Los biosimilares oncológicos están transformando la atención del cáncer al hacer que los tratamientos avanzados sean asequibles e innovadores. Gracias a marcos regulatorios favorables como la Ley de Competencia e Innovación de Precios de Productos Biológicos de EE. UU., estas terapias se benefician de aprobaciones más rápidas y menores costos de desarrollo. Según un estudio de PMC, una mayor adopción de biosimilares en EE. UU. podría generar ahorros de entre 12.000 y 54.000 millones de dólares para 2026. A medida que la incidencia del cáncer continúa aumentando en todo el mundo, las aseguradoras sanitarias recurren cada vez más a los biosimilares, como los equivalentes de trastuzumab y rituximab, para reducir los costos del tratamiento sin comprometer la eficacia y la seguridad comprobadas.
Un avance transformador para el mercado de biosimilares oncológicos es la designación de intercambiabilidad otorgada por la FDA, que permite a los farmacéuticos sustituir los medicamentos biológicos de referencia por biosimilares sin la aprobación del médico, agilizando el acceso de forma similar a los medicamentos genéricos.
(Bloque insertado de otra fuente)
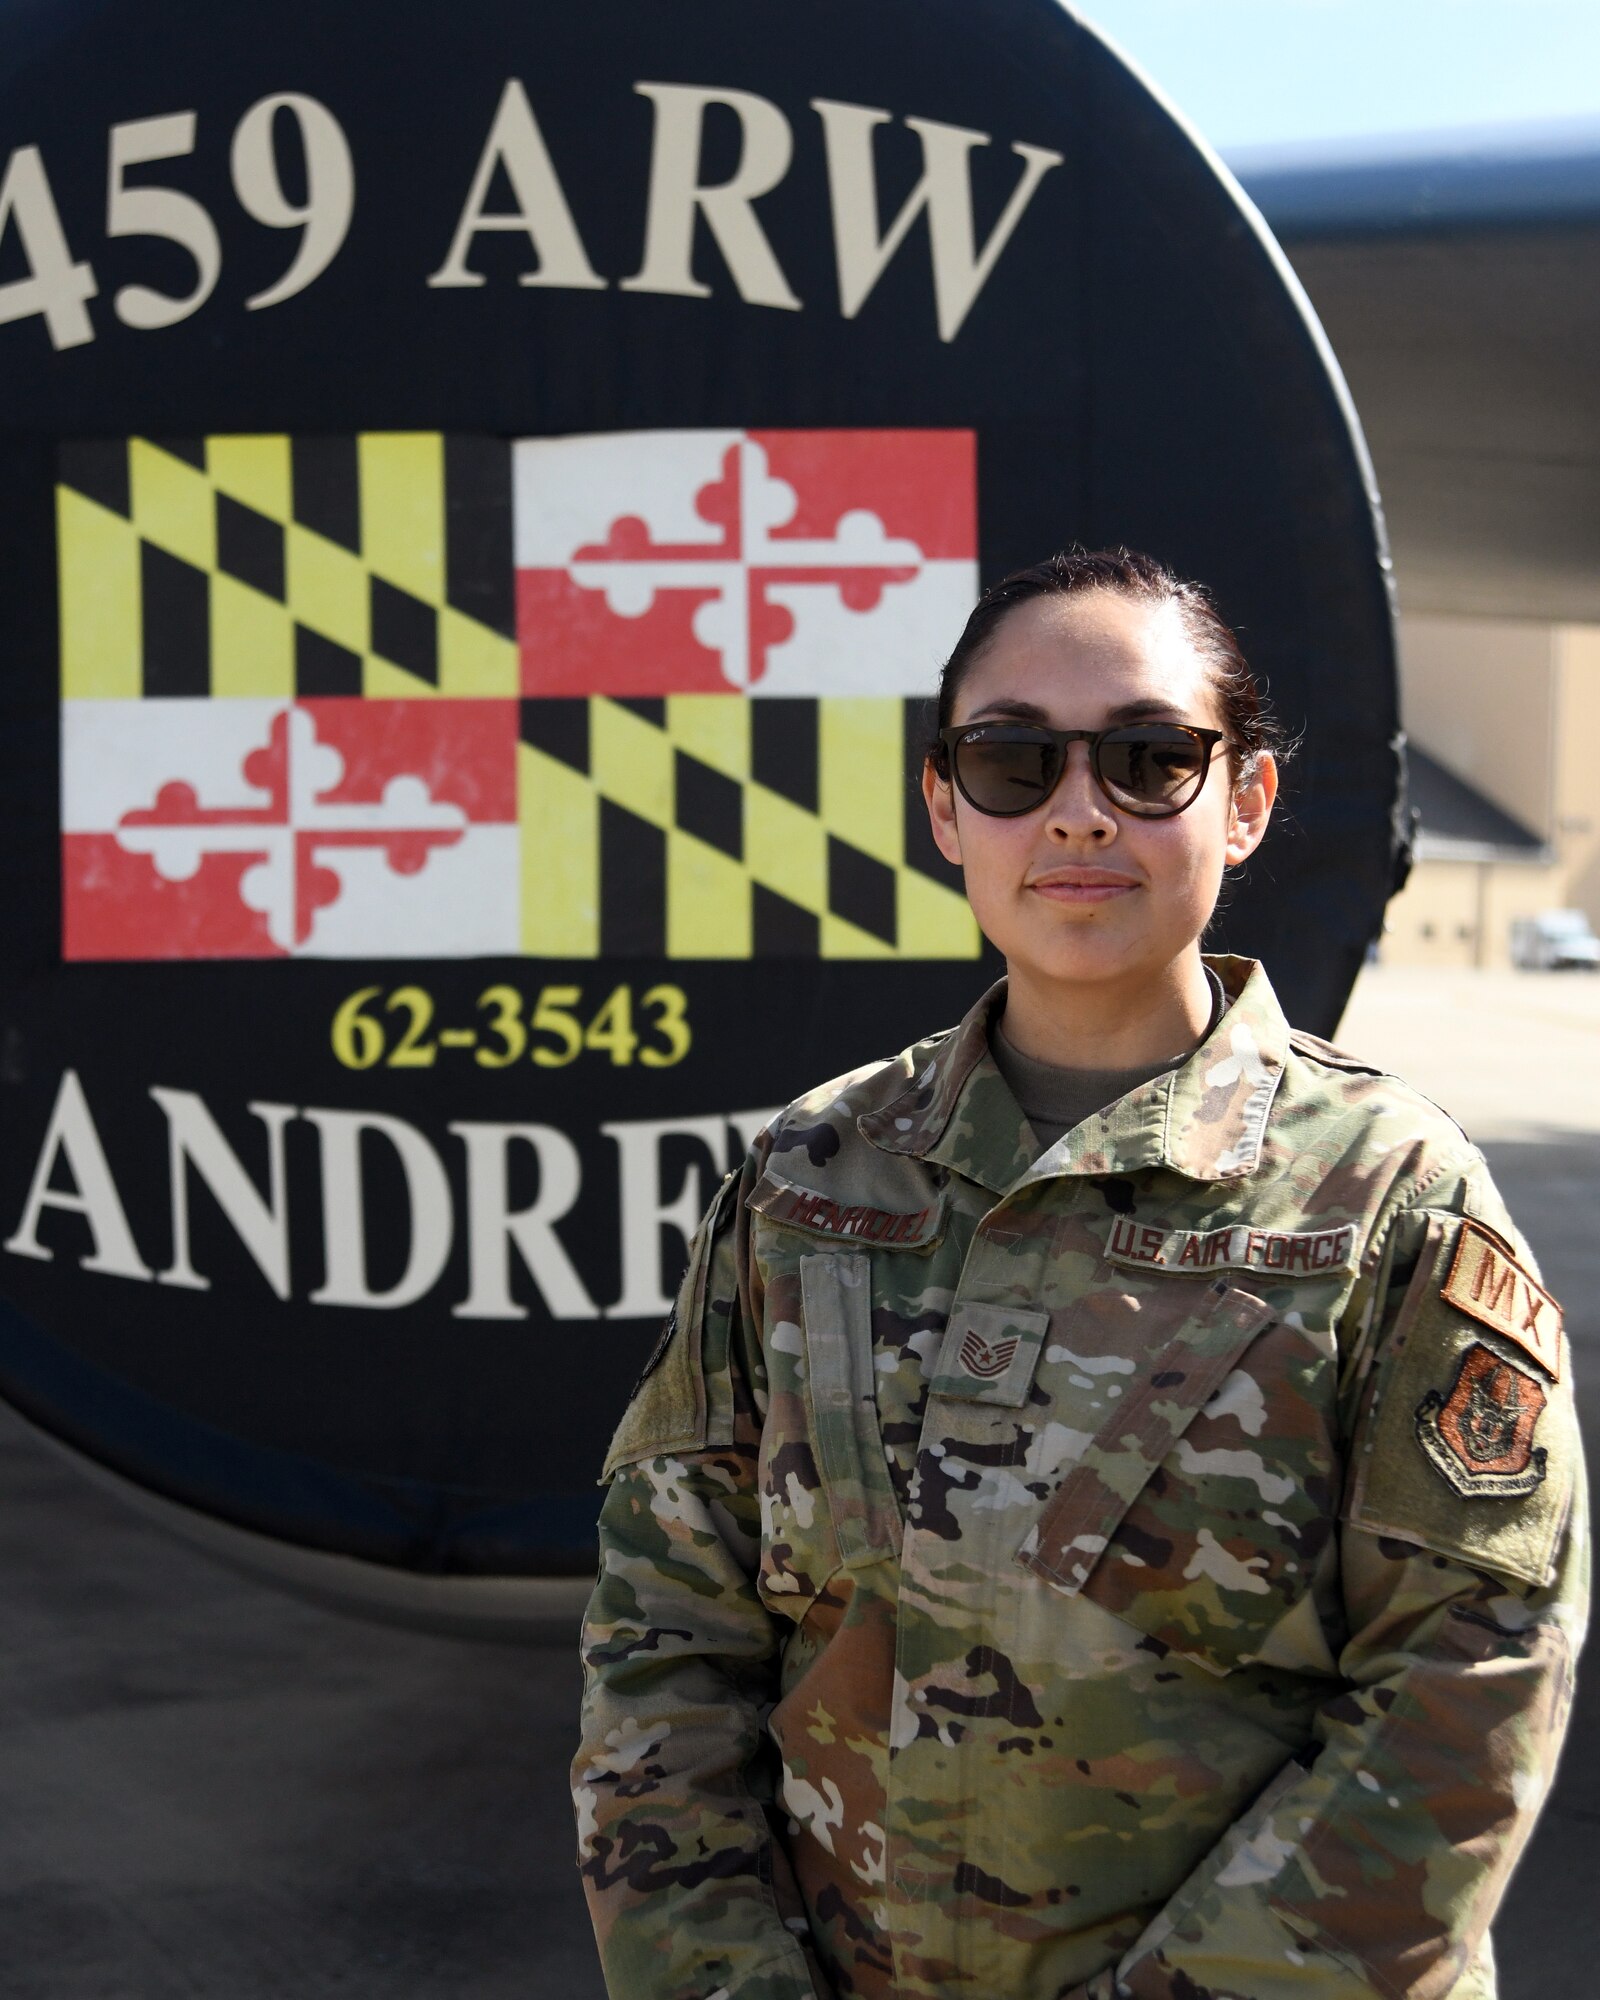 U.S. Air Force Tech Sgt. Sandra Henriquez, 459th Maintenance Squadron, aero repair technician, poses for a photo Oct. 14, 2021, at Joint Base Andrews, Md. Henriquez reflects on her Salvadorian heritage during Hispanic Heritage month which is observed from Sep 15 – Oct 15. (U.S. Air Force photo by Staff Sgt. Cierra Presentado/Released)

Esta medida regulatoria, junto con las crecientes iniciativas de formación clínica, está fortaleciendo la confianza entre profesionales sanitarios y pacientes, algo fundamental en oncología, donde las decisiones de tratamiento conllevan grandes riesgos.
Esta tendencia hacia una educación generalizada y la armonización normativa es crucial para acelerar la adopción y garantizar que se aproveche todo el potencial de los biosimilares para brindar una atención oncológica accesible y eficaz.
El mercado de biosimilares oncológicos está experimentando un cambio estructural en su distribución, donde la adquisición por parte de los hospitales y los canales de farmacias en línea desempeñan un papel fundamental. Los hospitales siguen siendo los principales centros para la adopción de biosimilares debido a sus modelos de adquisición centralizados y su capacidad para gestionar la atención oncológica compleja.
Al mismo tiempo, el auge de las plataformas digitales está democratizando el acceso, especialmente en regiones desatendidas donde los pacientes suelen sufrir retrasos en el tratamiento debido a los sistemas de compra basados en licitaciones. El efecto combinado es una mayor penetración en el mercado, una reducción de los costes del tratamiento y una mejora del acceso de los pacientes, lo que impulsa la equidad y la eficiencia en la atención oncológica.
La adopción de biosimilares oncológicos ofrece una ventaja de costos innegable. En un estudio mencionado en la Biblioteca Nacional de Medicina, los biosimilares lograron una adopción del 56,4% en los planes cubiertos por Medicare.productos biológicosEn 2024, incluyendo bevacizumab, trastuzumab, rituximab, pegfilgrastim y filgrastim, lo que resultó en una reducción del 23% en el gasto de Medicare en medicamentos para esos agentes.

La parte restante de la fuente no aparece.